AI on text — Natural Language Processing Basics part 4 — Gensim Word2vec, T-SNE visualisation

Dharani J
4 min readAug 4, 2022

--

Made with https://www.iconfinder.com

In my previous blog, I have explained how word2vec/glove works to create numerical vectors for a given text. Converting text to vectors led to great breakthrough in problem statements like text classification, translation, question answering, text summarisation etc.,. Using Gensim library in python lets understand a working example to obtain vectors for text.

We are going to learn:

  • Gensim word2vec parametres
  • Python example
  • PCA visualisation
  • T-SNE visualisation

Gensim is an open-source library which can be used to create word vectors or embeddings either using Bag of words (CBOW) or Skip-gram method discussed in previous blog.
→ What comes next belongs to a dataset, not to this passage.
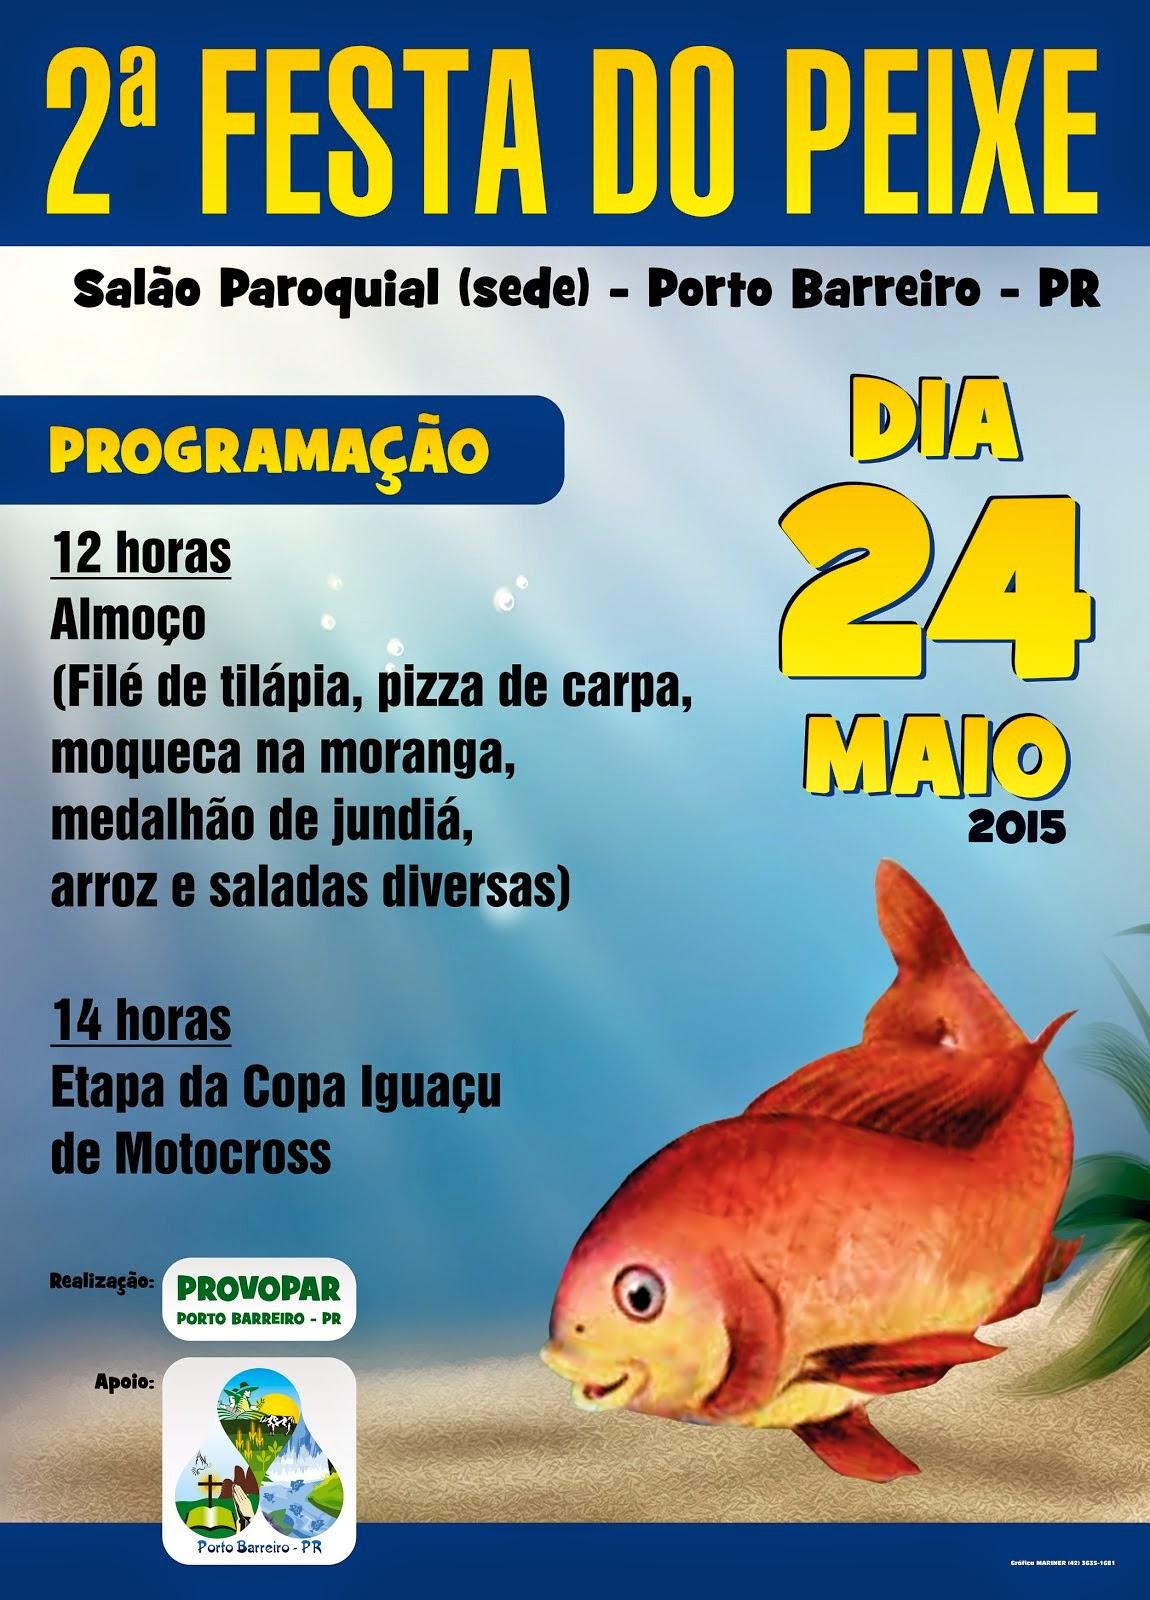 Porto Barreiro:Vem aí a 2ª Festa do Peixe, é domingo, dia 24 de maio!!!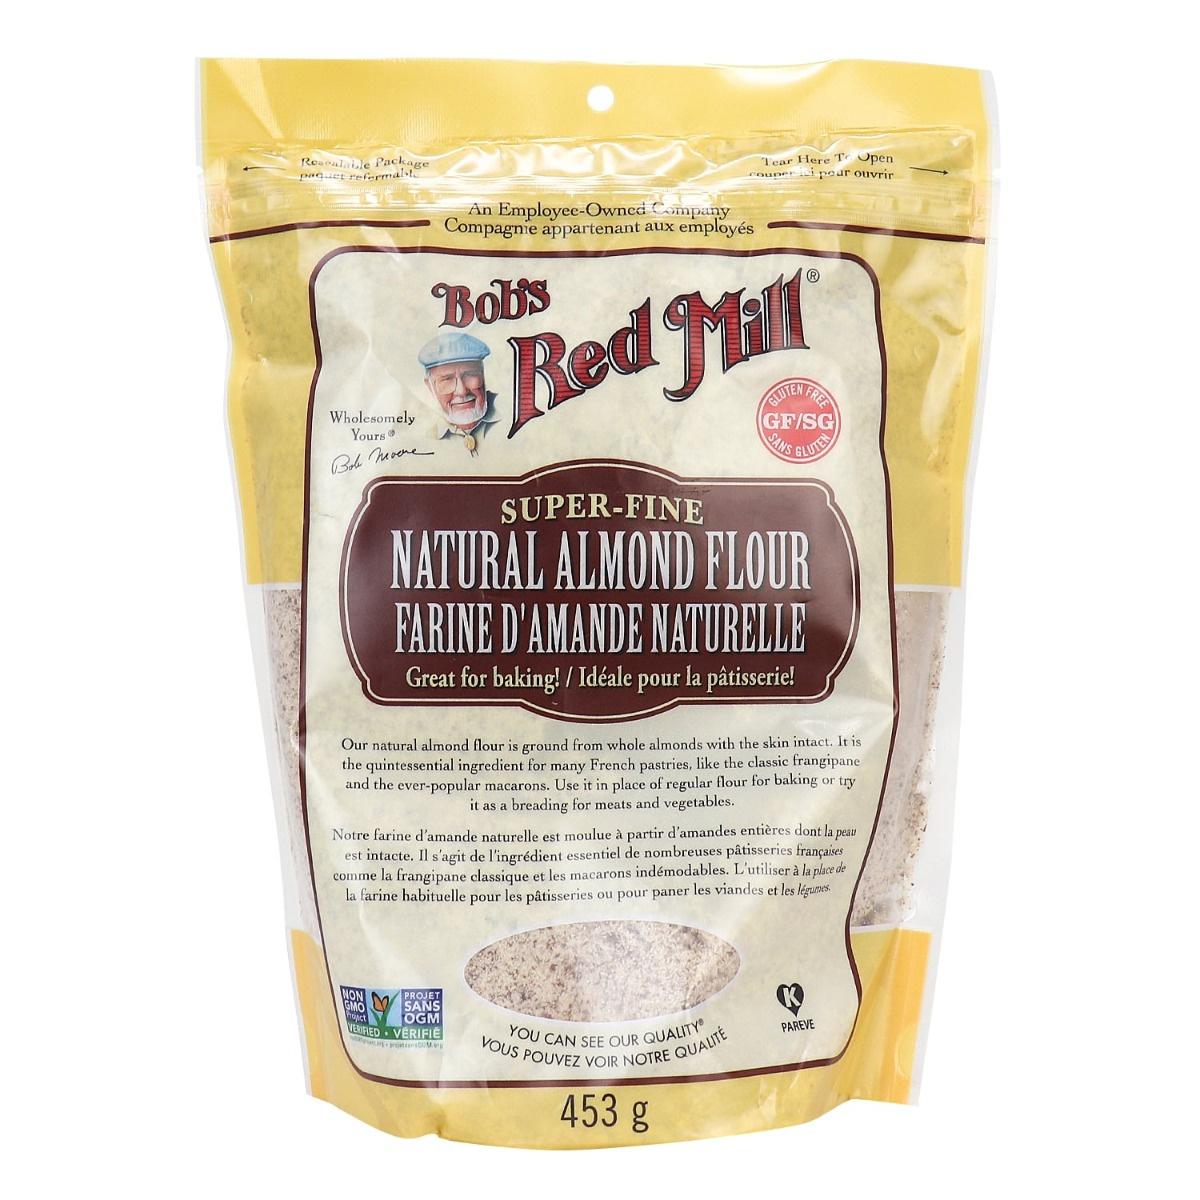 Bob's Red Mill Super Fine Natural Almond Flour in Canada

In Gensim, there are certain parametres to tune to obtain the embeddings as per our use case which are:

  • size: (default 100) The number of dimensions of the vector(embedding), i.e., each token (word) will be represented as a dense vector of length “size”. (100–500 is generally used anything higher might lead to overfit)
  • window: (default 5) In CBOW or Skip-gram, maximum distance between a target word and words around the target word.
  • min_count: (default 5) The minimum count of words to consider when training the model; words with an occurrence less than this count will be ignored. This helps in reducing unwanted words with less importance.
  • sg: (default 0 or CBOW) The training algorithm, either CBOW (0) or skip gram (1)

Before feeding text to Gensim model, we must first create tokens of text which is creating words from sentence in a list.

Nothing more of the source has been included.